→ **Data shown**
+++

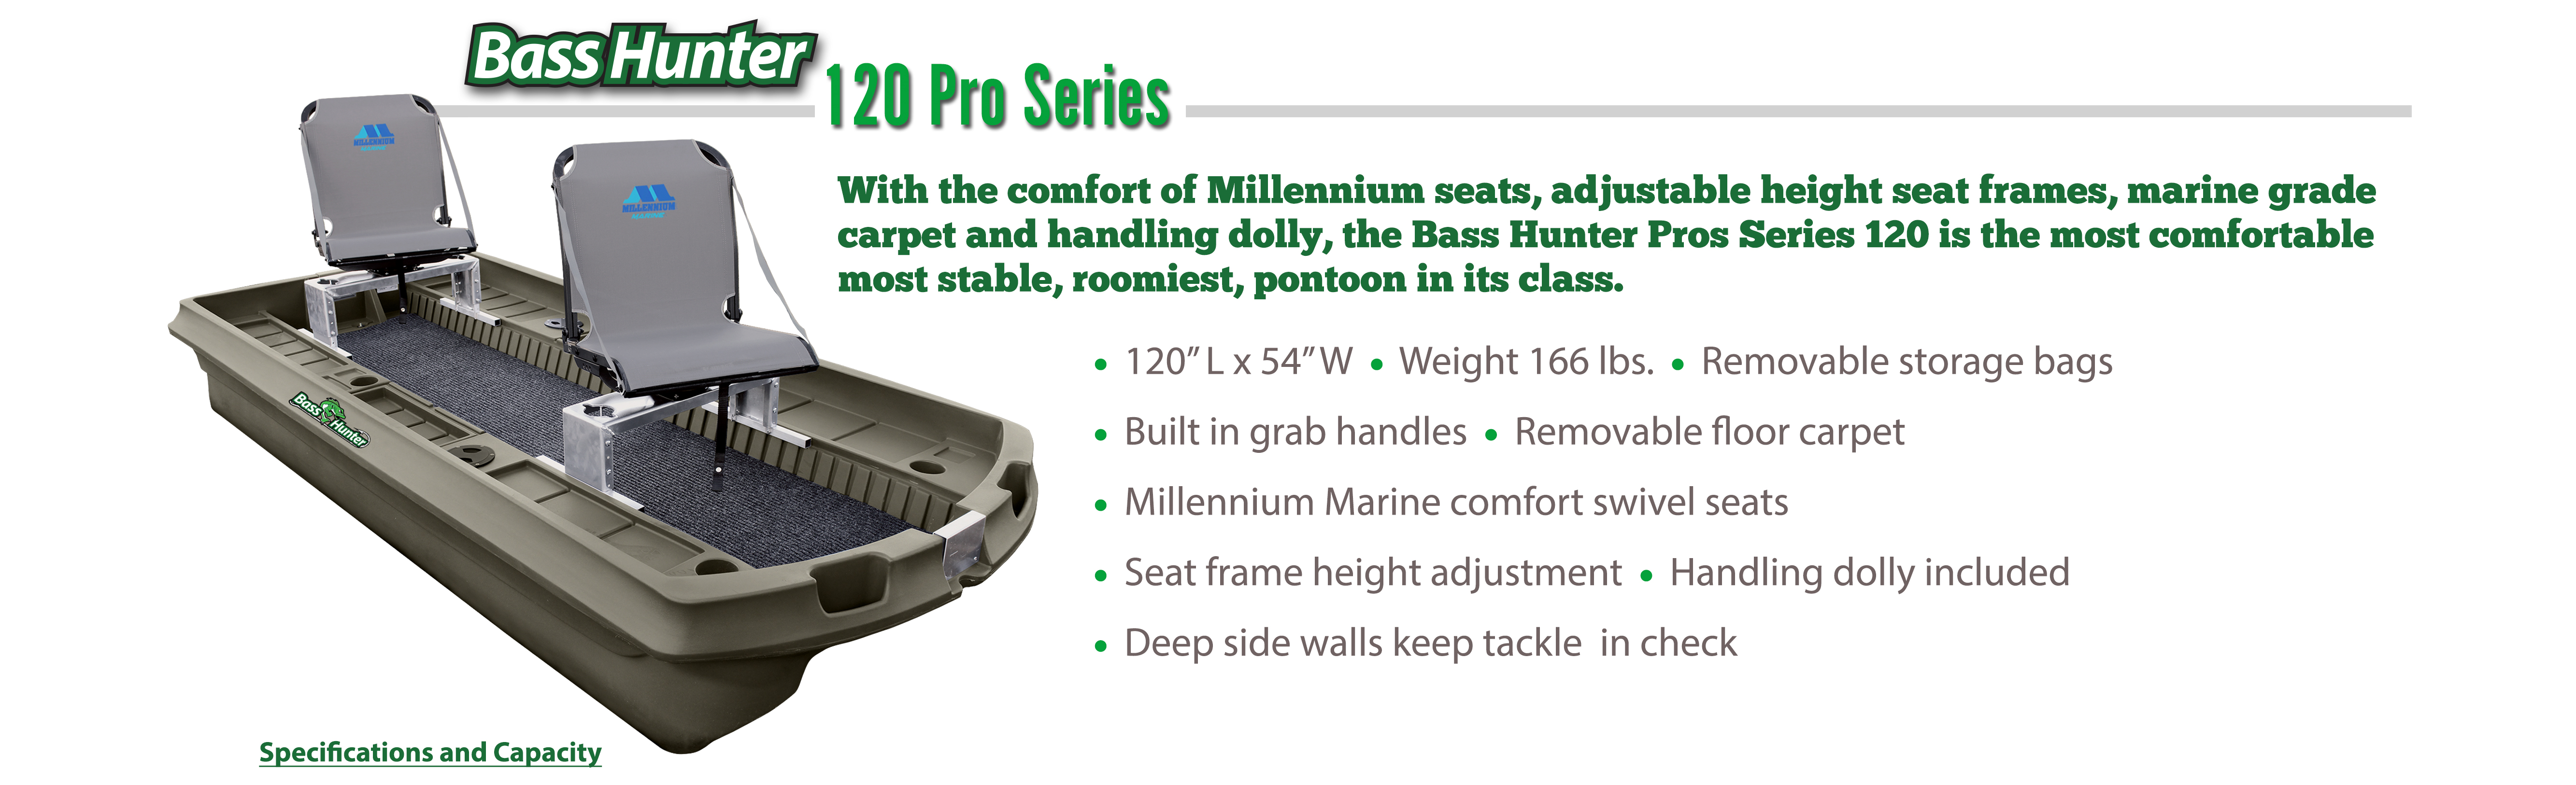 Bass Hunter 120 Pro Series
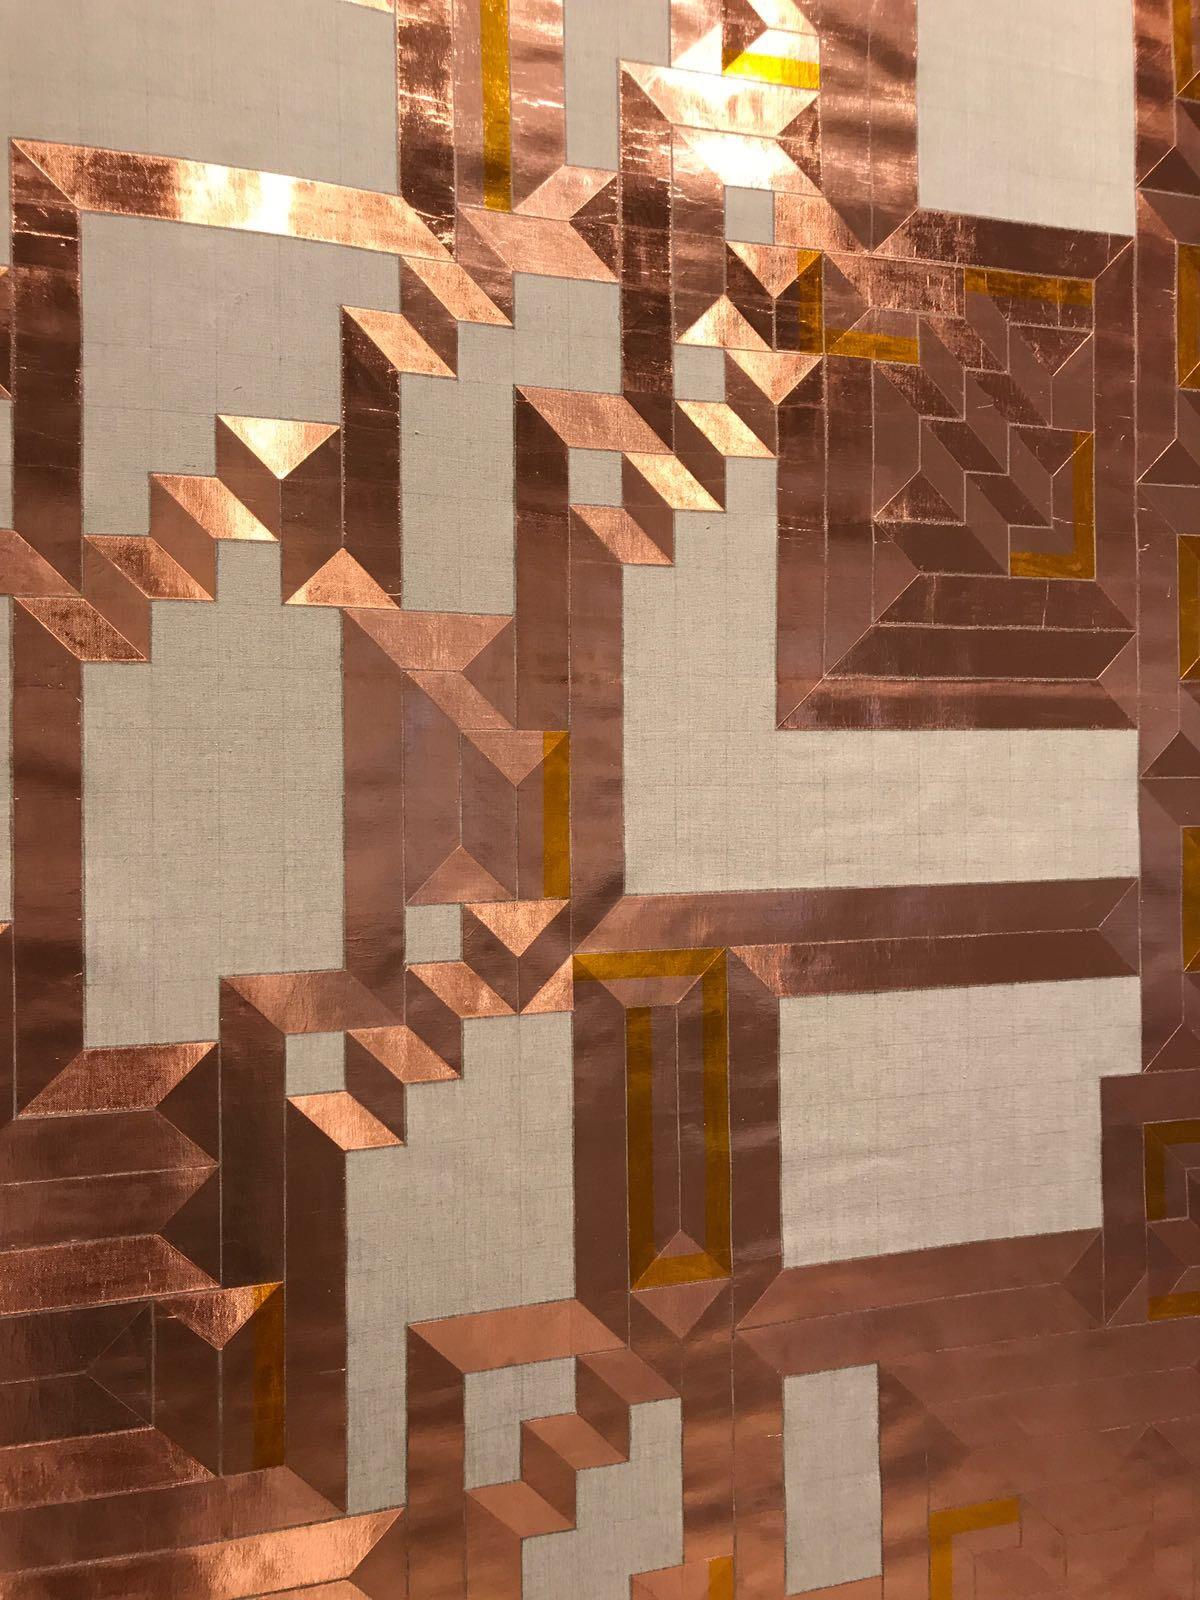 'A Labyrinth of a straight line', (Detail) 2017   Troika (Conny Freyer, Eva Rucki, Sebastien Noel)
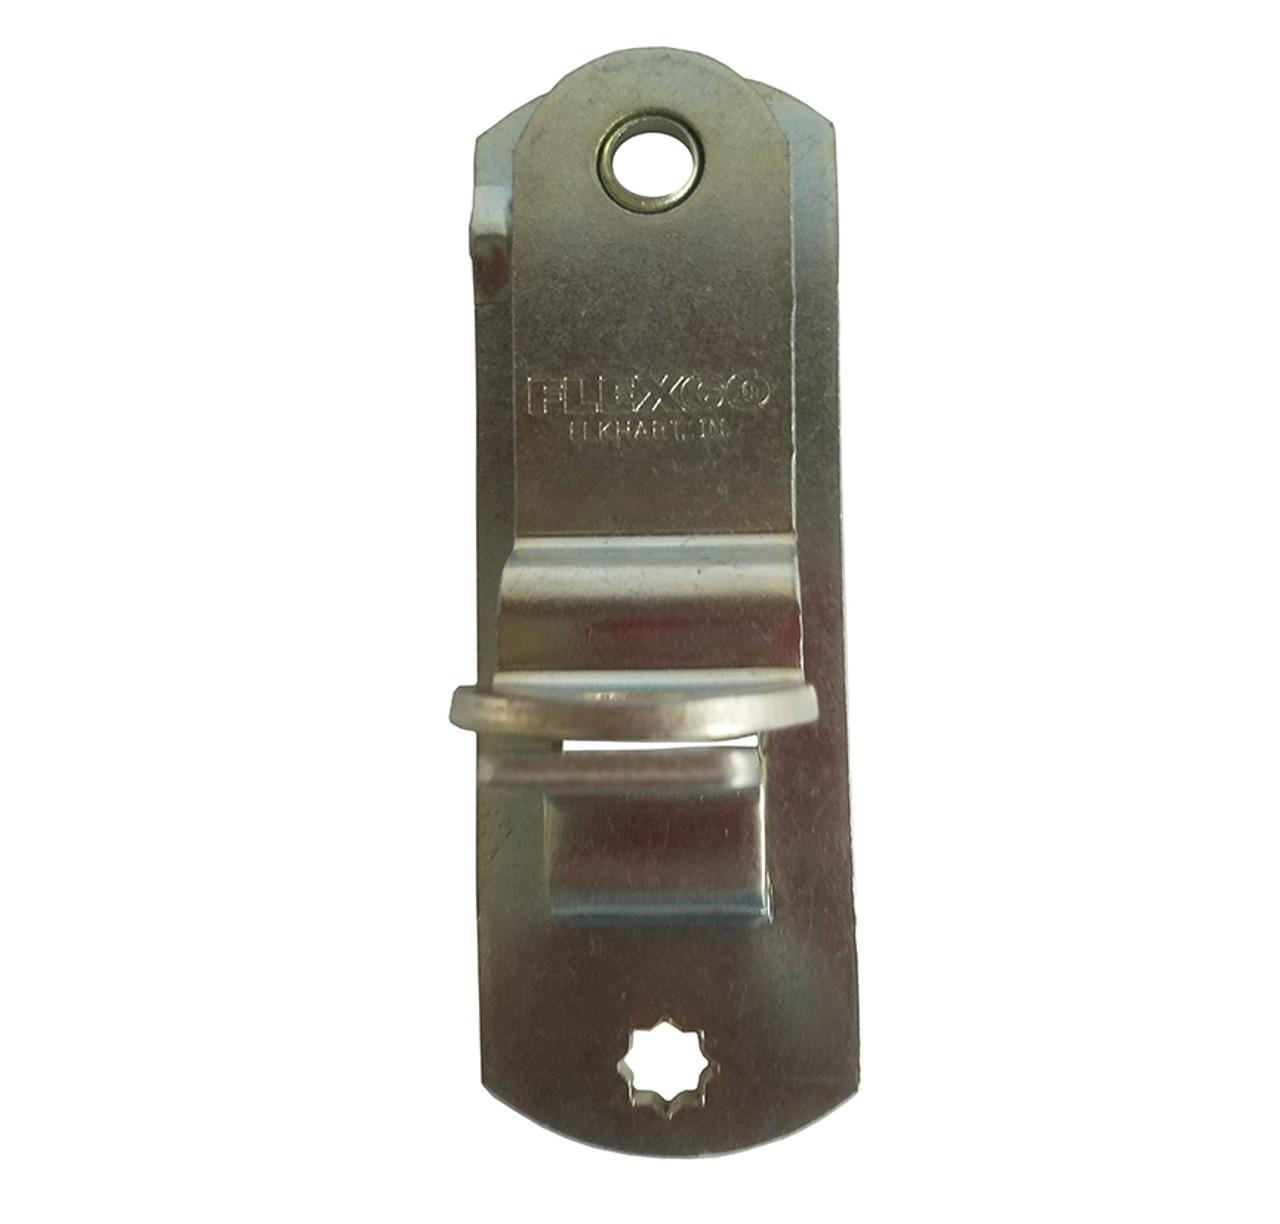 HMHASP --- Cam Door Lock Hasp
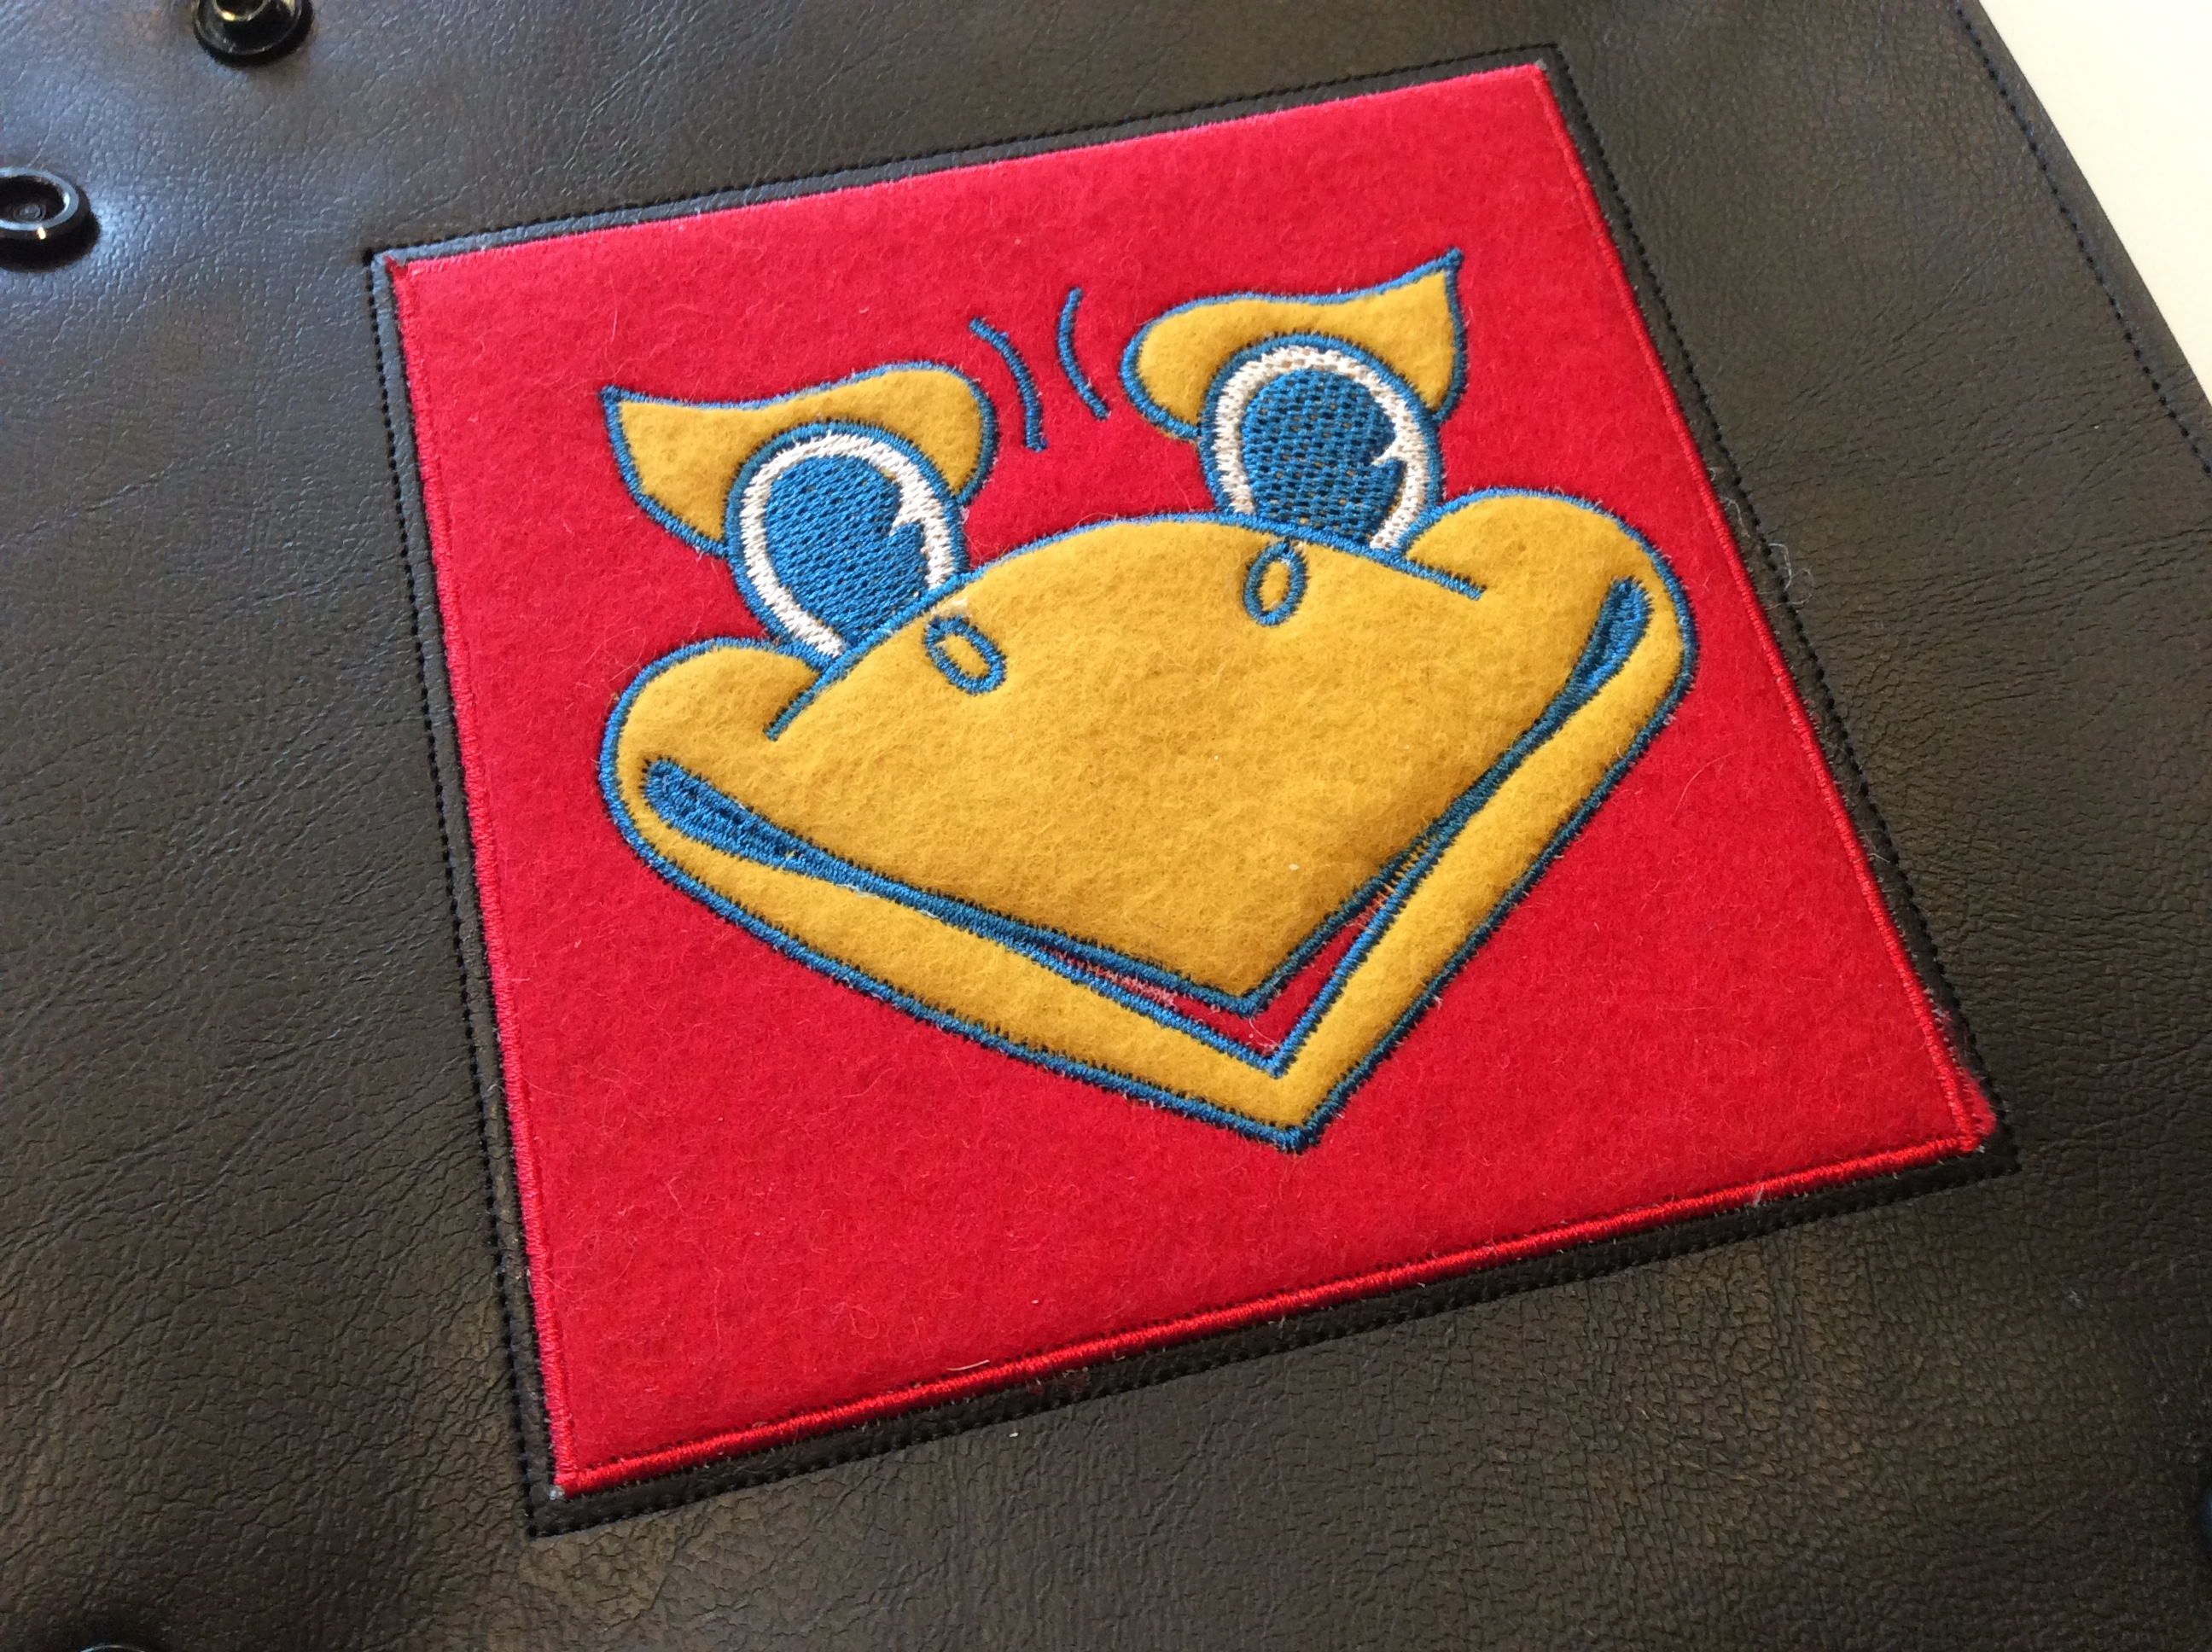 Embroidered Kansas Jayhawk mascot logo

+++

→ **The task**
Top to bottom, retype the listing exactly but drop every picture.

→ **Your response**
 Bass Hunter 120 Pro Series
 'A Labyrinth of a straight line', (Detail) 2017   Troika (Conny Freyer, Eva Rucki, Sebastien Noel)
 HMHASP --- Cam Door Lock Hasp
 Embroidered Kansas Jayhawk mascot logo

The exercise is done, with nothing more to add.